The TGA is a regulatory body which approves medical procedures, treatments, and devices both produced domestically or imported from another nation. The TGA serves under the Department of Health and Ageing (DoHA).  

The Australian government recognizes that, sadly, sometimes Australian medical facilities do not have the equipment needed for rarer diseases or do not have the most advanced forms of treatment, so in order to counter this, they have established the Medical Treatment Overseas (MTO) Program.

The MTO Program has saved many lives including that of five-year- old Audrey Anderson, who was sent to the United States to undergo a new form of treatment for brain cancer called Proton Therapy, which is safer than traditional radiation therapy.

The MTO Program is regulated by strict guidelines; the treatment in question must not be available in Australia “in time to benefit the applicant,” has to be “significantly life-extending and potentially curative”, there must be a “real prospect of success,” and must be “accepted by the Australian medical profession as a standard form of treatment for the applicant’s condition.”

Though these guidelines may seem obtrusive, and severely constricting, the market is still there for patients from Australia who have no alternative but to leave their country to seek the medical help they severely need. This may be a small niche, but an immensely important one for the people whose lives are at risk without it.

If the conditions are met, then the Australian government will provide the financial support needed for these procedures to be done, so for people seeking to move into this sector of medical tourism need not do it for purely altruistic purposes.

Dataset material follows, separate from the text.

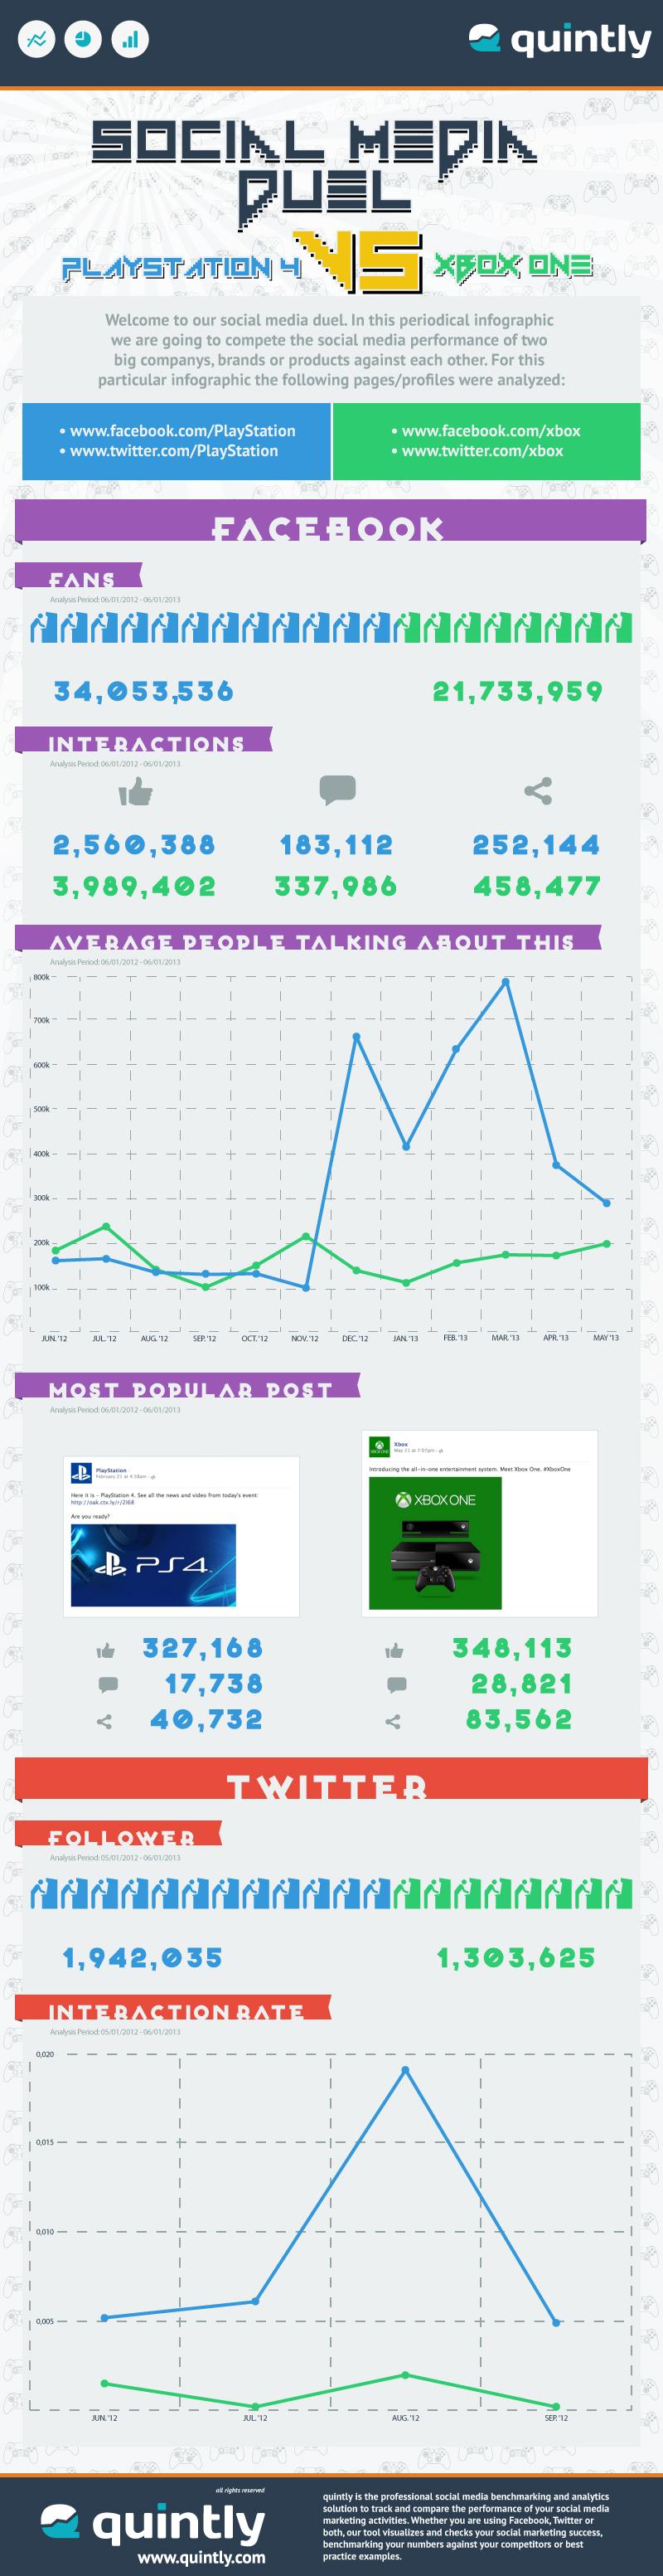 Social Media Duel Playstation 4 VS Xbox One
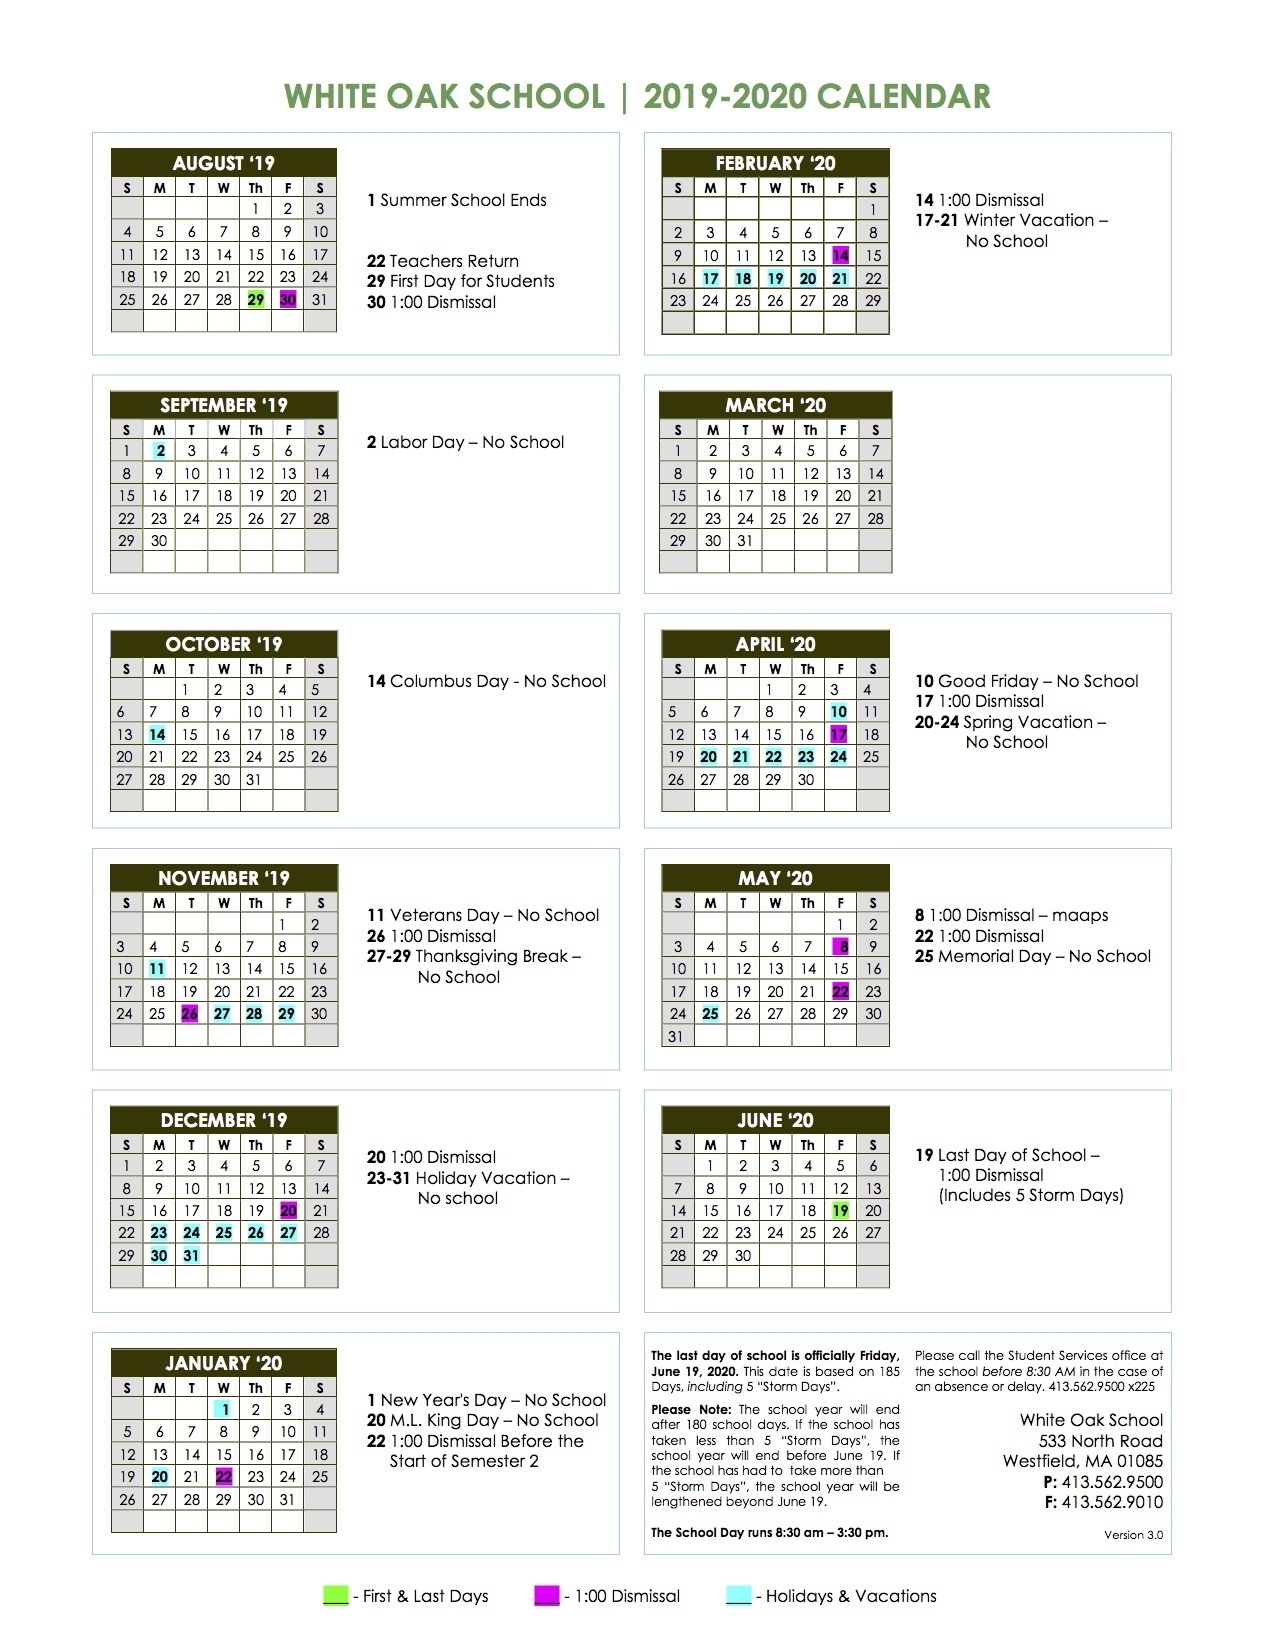 School Calendar 2019 – 2020 – White Oak School

The potential for medical tourists from Australia will continue to grow over the years. It could come from the poor elderly who cannot afford the hearing aid they need or the eye surgery to make their lives easier, it could be the five- year- old girl who needs a procedure not available in Sydney, or it could even be the wealthy celebrity looking for a quiet retreat to get clean.

These are just some of the examples of the potential markets for medical tourists from Australia. The Australian Pharmaceutical Benefits Scheme (PBS), which subsidizes prescription drugs, is growing very large very quickly.

This growth coupled with the growth of the need for Medicare will put major pressure on the government to fix the issues or to find alternative solutions.  Until then Australians may be leaving their home to seek the care that they need.